Using the formula V=B×h , what is the volume of a rectangular prism with a width of 3 1/4 in., a length of 5 1/8 in., and a height of 7 3/8 in.? Your answer should be a mixed number in simplest form
To find the volume of the rectangular prism, we can use the formula V = B × h, where B is the area of the base and h is the height.
First, we need to find the area of the base. The area of a rectangle is given by the formula A = length × width. The length is 5 1/8 in and the width is 3 1/4 in.
5 1/8 × 3 1/4 = 41/8 × 13/4
= 41/8 × 13/4
= 533/32
= 16 21/32
Now that we have the area of the base as 16 21/32, we can find the volume of the rectangular prism by multiplying the base area with the height:
V = 16 21/32 in² × 7 3/8 in
V = 16 21/32 in² × 59/8 in
V = (16 21/32) × (59/8)
= 1009/32
= 31 17/32
Therefore, the volume of the rectangular prism is 31 17/32 cubic inches.
wrong
Apologies for the mistake.
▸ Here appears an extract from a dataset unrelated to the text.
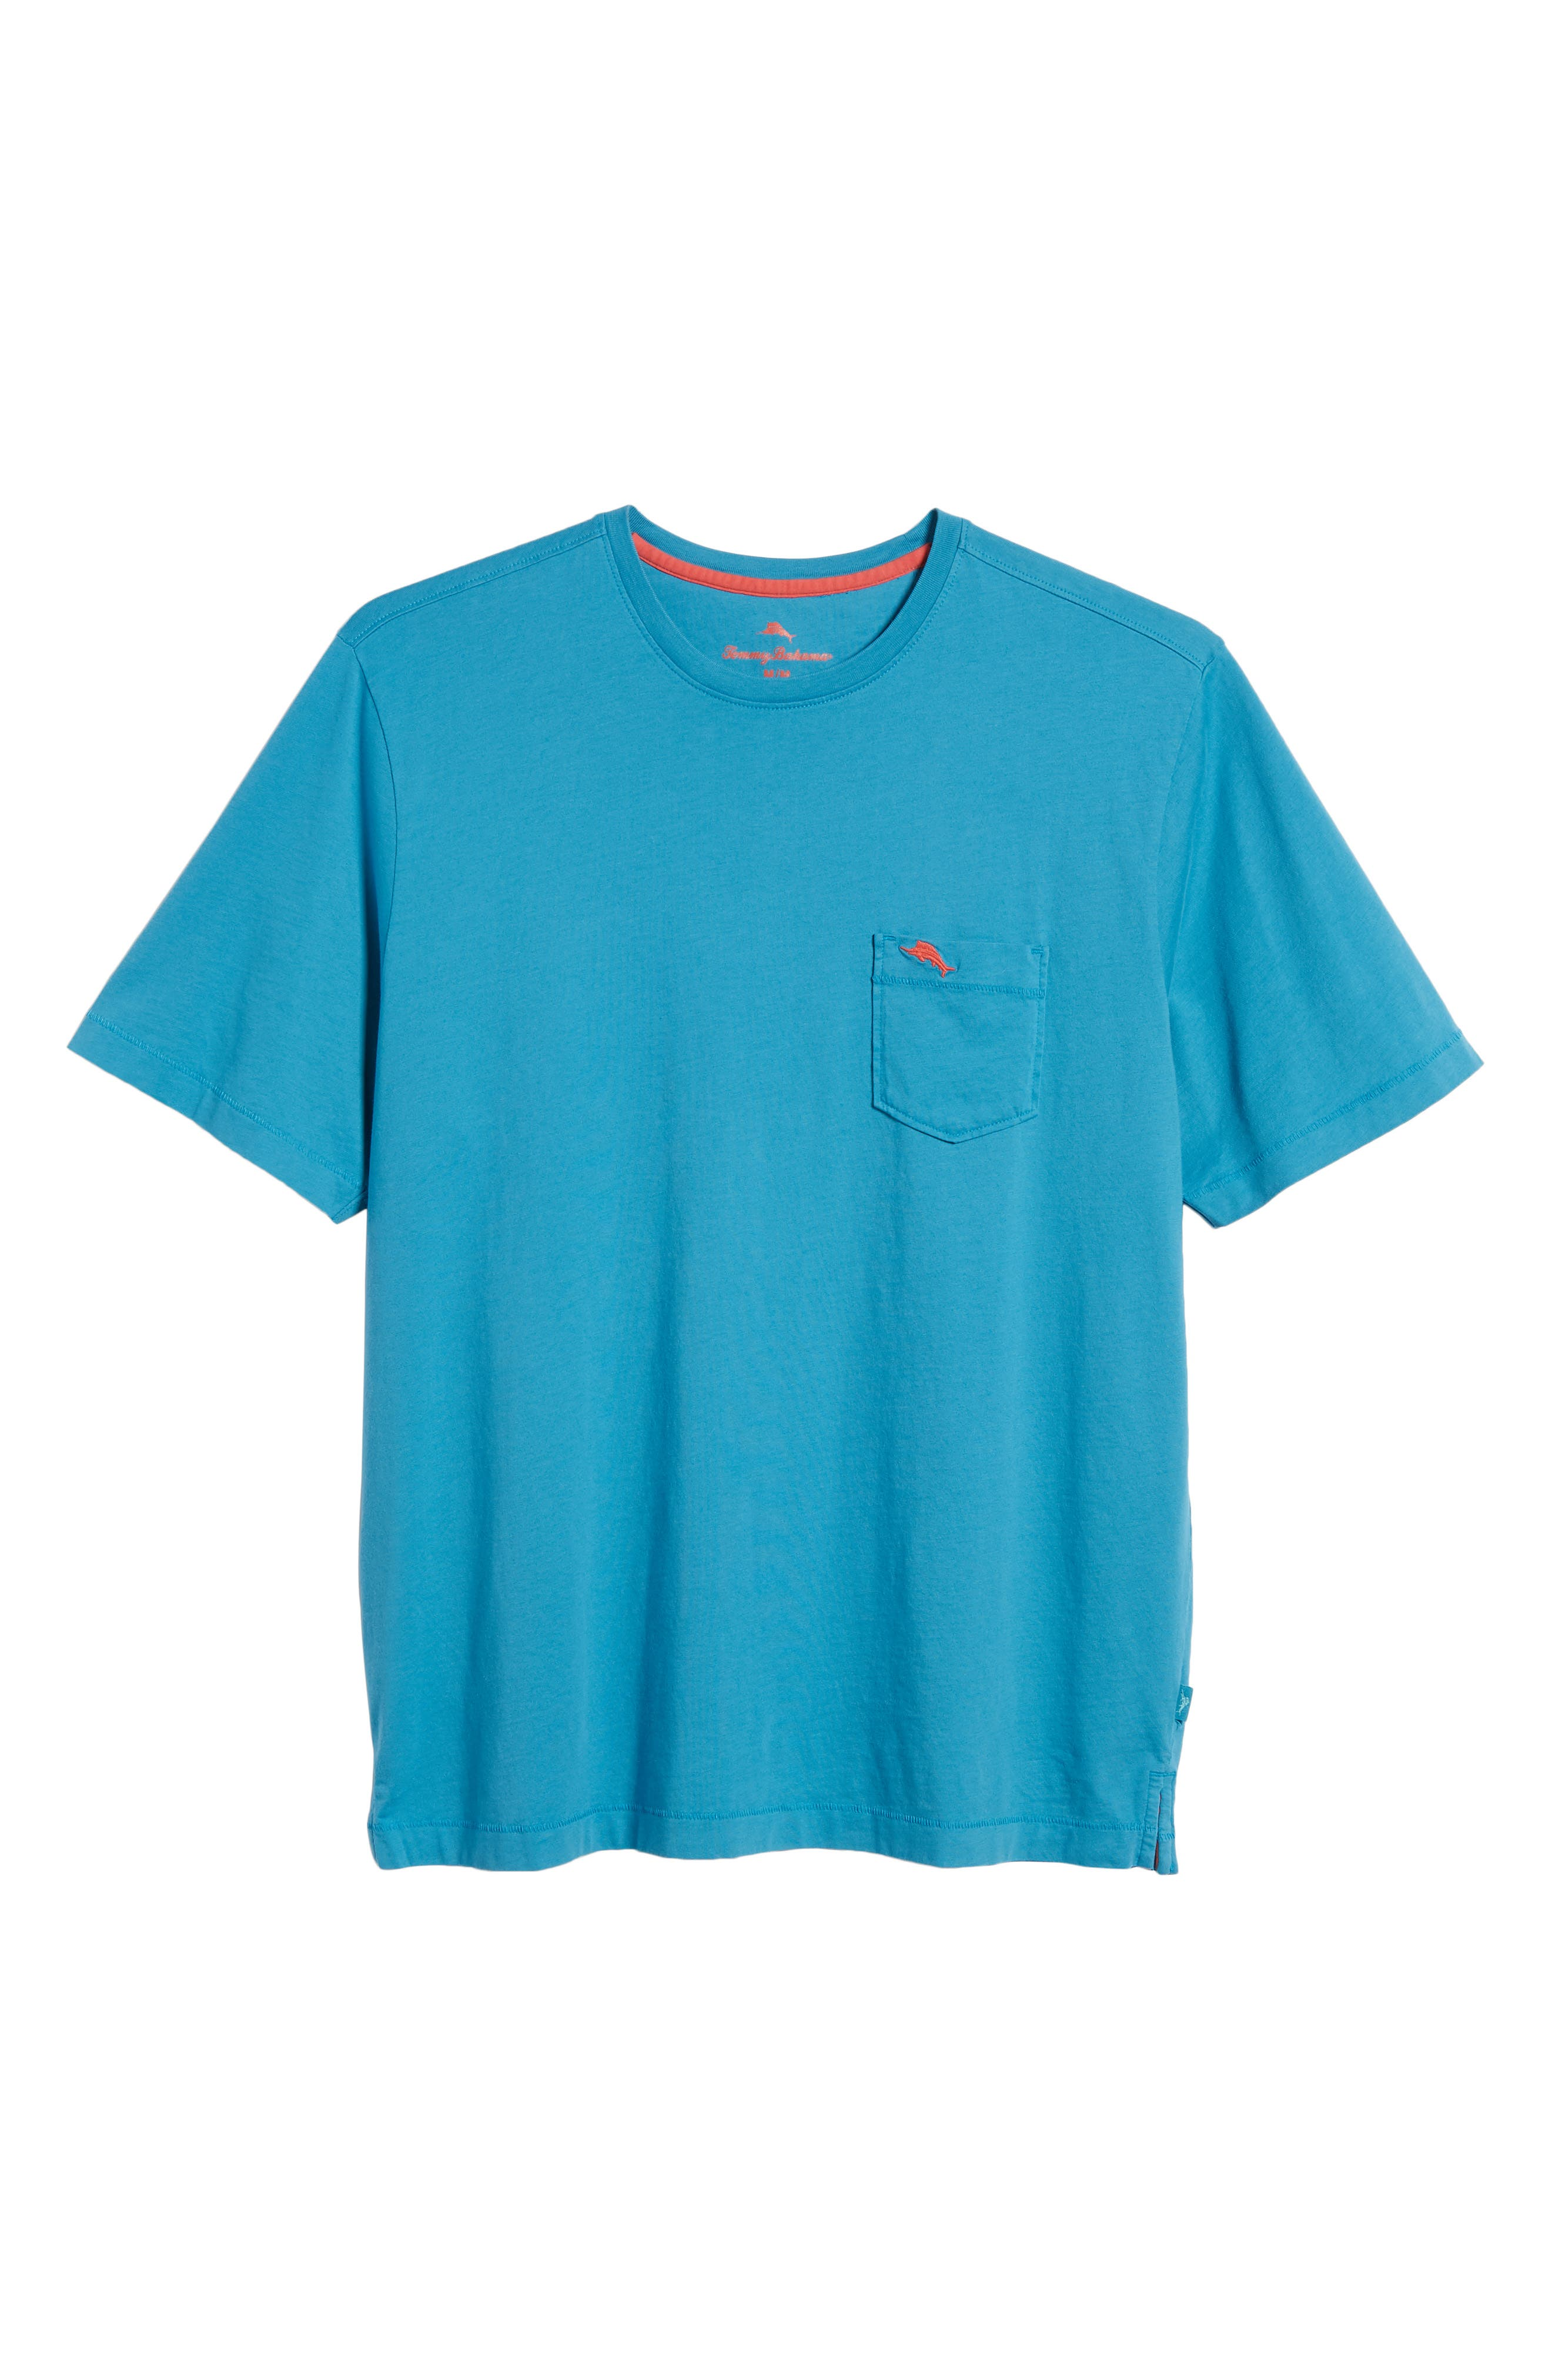 New Bali Sky Pima Cotton Pocket T-Shirt,                             Alternate thumbnail 6, color,                             Voyager Blue

Let's redo the calculation:
Given:
width = 3 1/4 in = 13/4 in
length = 5 1/8 in = 41/8 in
height = 7 3/8 in = 59/8 in
Now, let's find the area of the base:
Area = length × width
Area = (41/8) in × (13/4) in
Area = 533/32 in²
Area = 16 21/32 in²
Now, let's find the volume of the rectangular prism:
Volume = Area × height
Volume = (16 21/32 in²) × (59/8 in)
Volume = (533/32 in²) × (59/8 in)
Volume = 31387/256 in³
Volume = 122 179/256 in³
Therefore, the volume of the rectangular prism is 122 179/256 cubic inches.